У Андрея кружится голова, он хватается за столик. "Вот лежит Жемчужный... Жив ли он! Не бред ли все это?"

Но боцман вдруг поднял голову. Увидев Андрея, он громко зарыдал. Андрей бросился к нему. Они плакали, что-то говорили друг другу и сами не слышали своих слов. Первым успокоился боцман.

- Тебя, значит, тоже везут? - спросил он.

- Тоже... - ответил Андрей. - Но я рад! Я рад, Матюша... С тобой вместе. Как мне было тяжко одному, если бы ты знал!.. А сейчас я даже рад, ей-богу. И Егорова увижу и Базыкина...

Боцман покачал головой.

- А где доктор, Матюша?

- Умер... Неделю тому назад. Там же, в погребе. Отмучился бедняга. Жемчужный закрыл лицо руками.

Андрей уткнулся лицом в подушку. "Умер... умер... умер..." - стучало у него в висках.

Ему хотелось с головой зарыться в подушку, ничего не видеть и не слышать, но Жемчужный мягко положил ему руку на плечо и стал рассказывать обо всем, что случилось в карцере.
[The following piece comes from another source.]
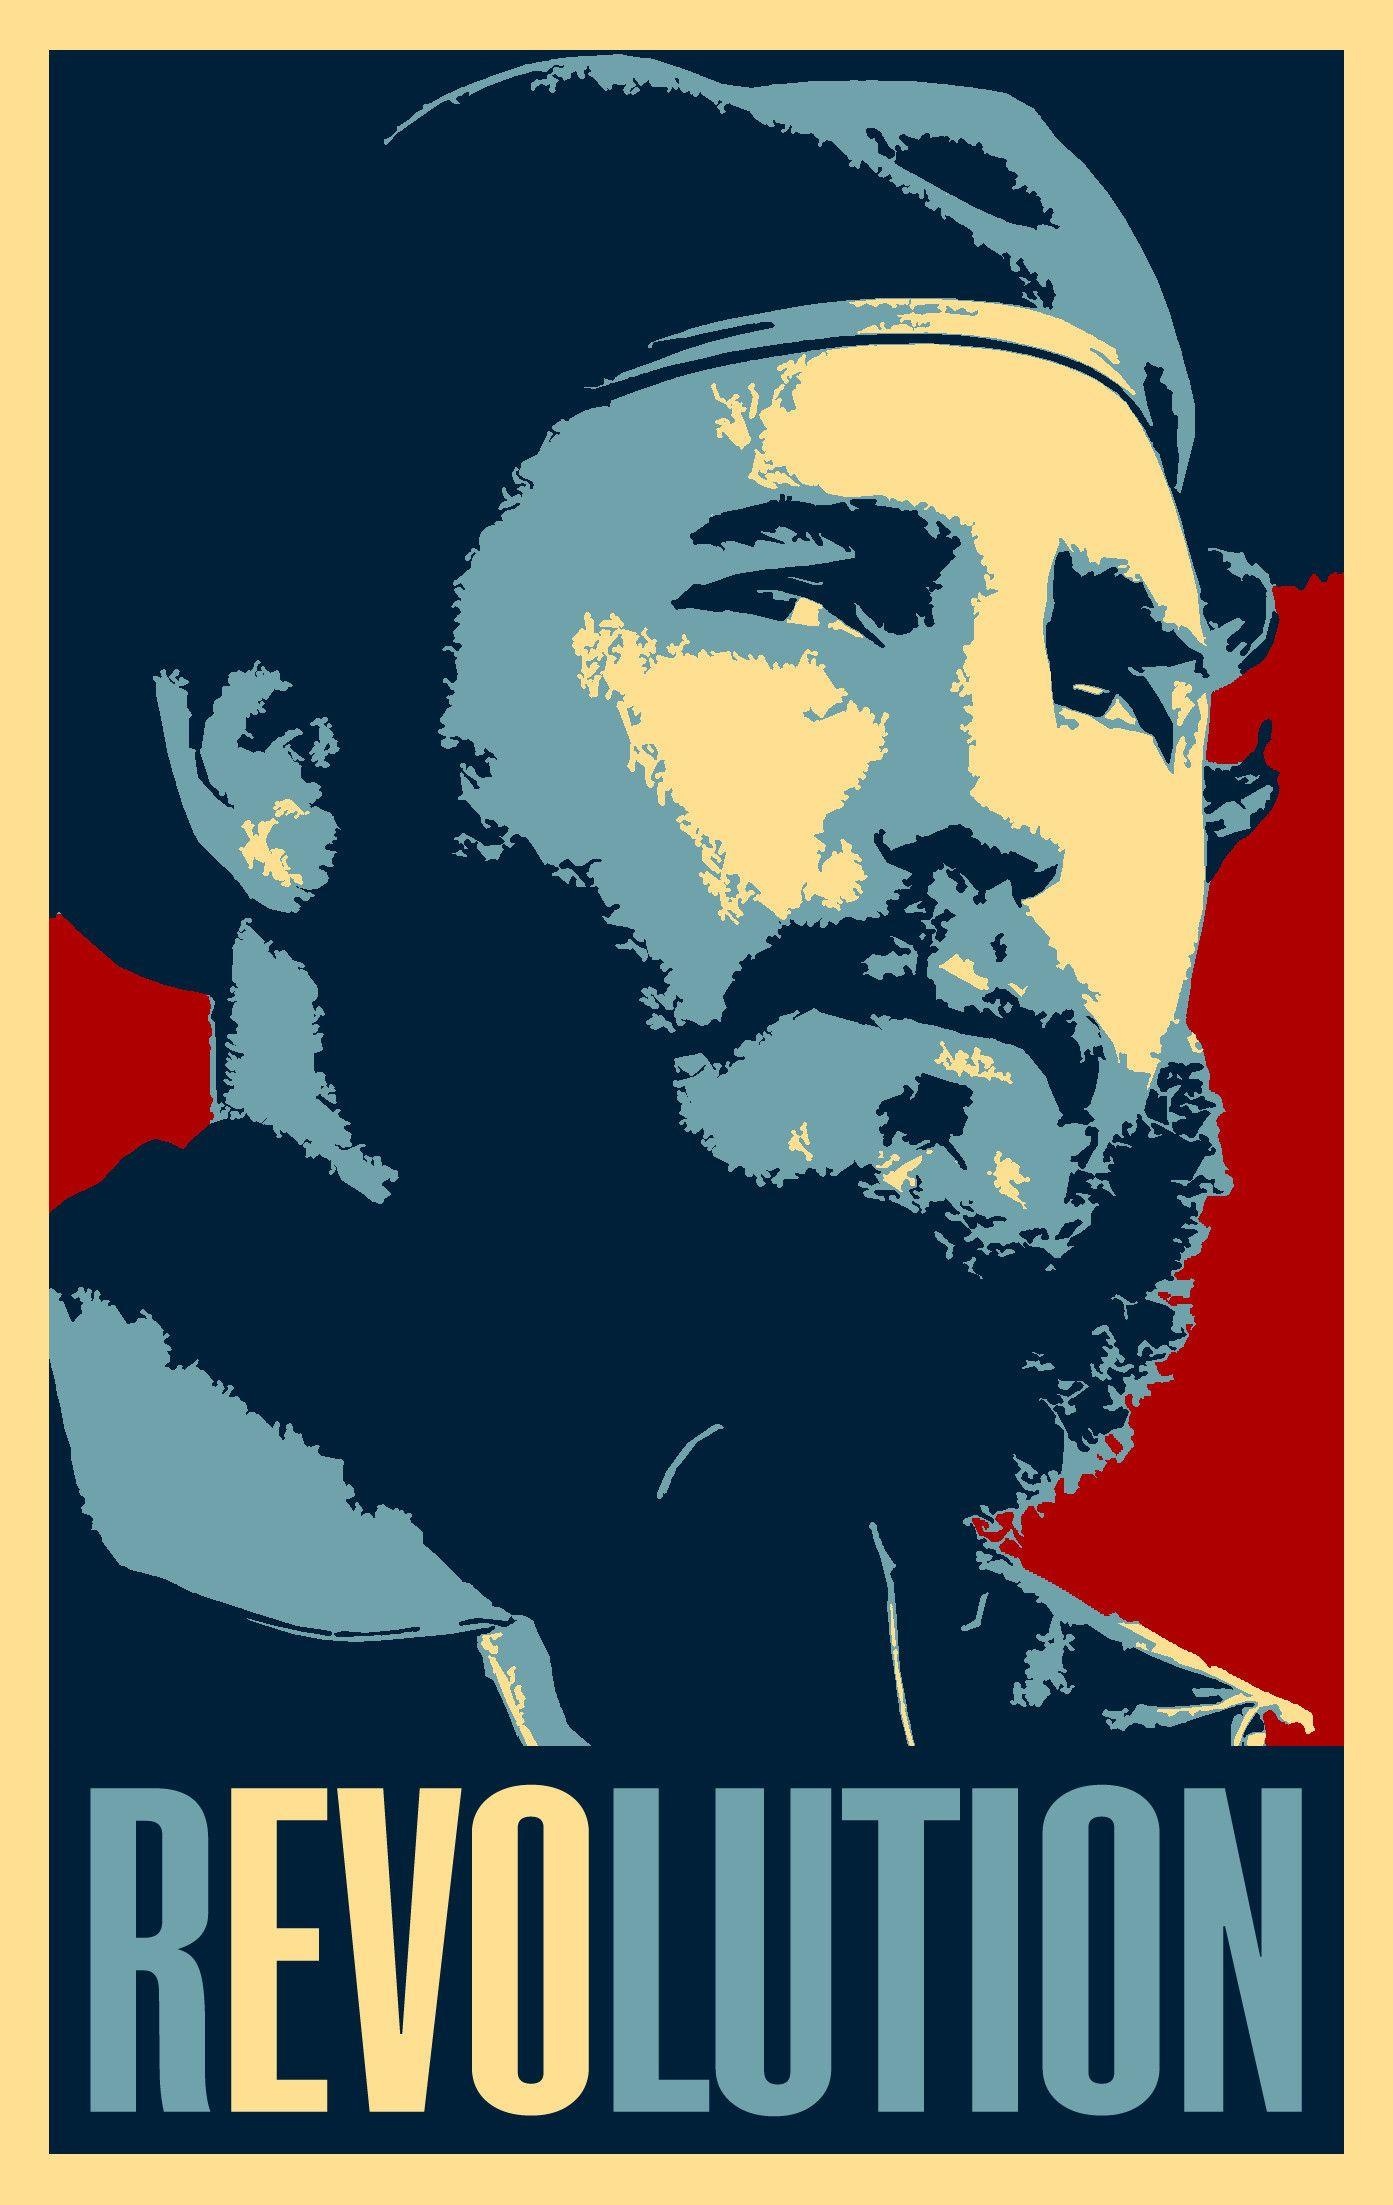 Fidel Castro: Took a key role in the Cuban Revolution, Comandante en Jefe. 1400x2210 HD Wallpaper.

- После допроса нас опять бросили в карцер. Бо сказал: "Будете сидеть до тех пор, пока не сознаетесь и не выдадите тех, кто еще собирался бежать..." Егоров ответил, что выдавать нам некого... "Мы сами не собирались бежать и тем более никого не подговаривали".

Опять карцер... Опять голод, мрак, стужа. Мы разговаривали, чтобы не заснуть и не замерзнуть. Прохватилов просил прощения, говорил, что он один во всем виноват, что из-за него гибнут товарищи.

- А где же Григорий? - со страхом спросил Андрей.

- С ума сошел. Расстреляли его. Они помолчали.

- А Егоров все ободрял нас, - продолжал боцман. - Ночью вдруг слышу шепот: "Где ты, Лелька, Лелечка?.. Где ты, моя золотая?.." Это он о дочке. Часто ее вспоминал. Все беспокоился, что с ней, уцелела ли... "Надо дожить..." - говорил. Часто повторял, что мы выйдем из карцера живыми, что скоро в Архангельске вспыхнет восстание, подойдет Красная Армия...

Мы уже перестали понимать, когда день, когда ночь. Только ночью холоднее. Я Маринкину говорю: "Доктор, не лежи без конца, сделай милость... Встань хоть ненадолго, надо же размяться". А он отвечает: "Не могу, милый. Ты двигайся... А меня не тревожь. Нет дыхания".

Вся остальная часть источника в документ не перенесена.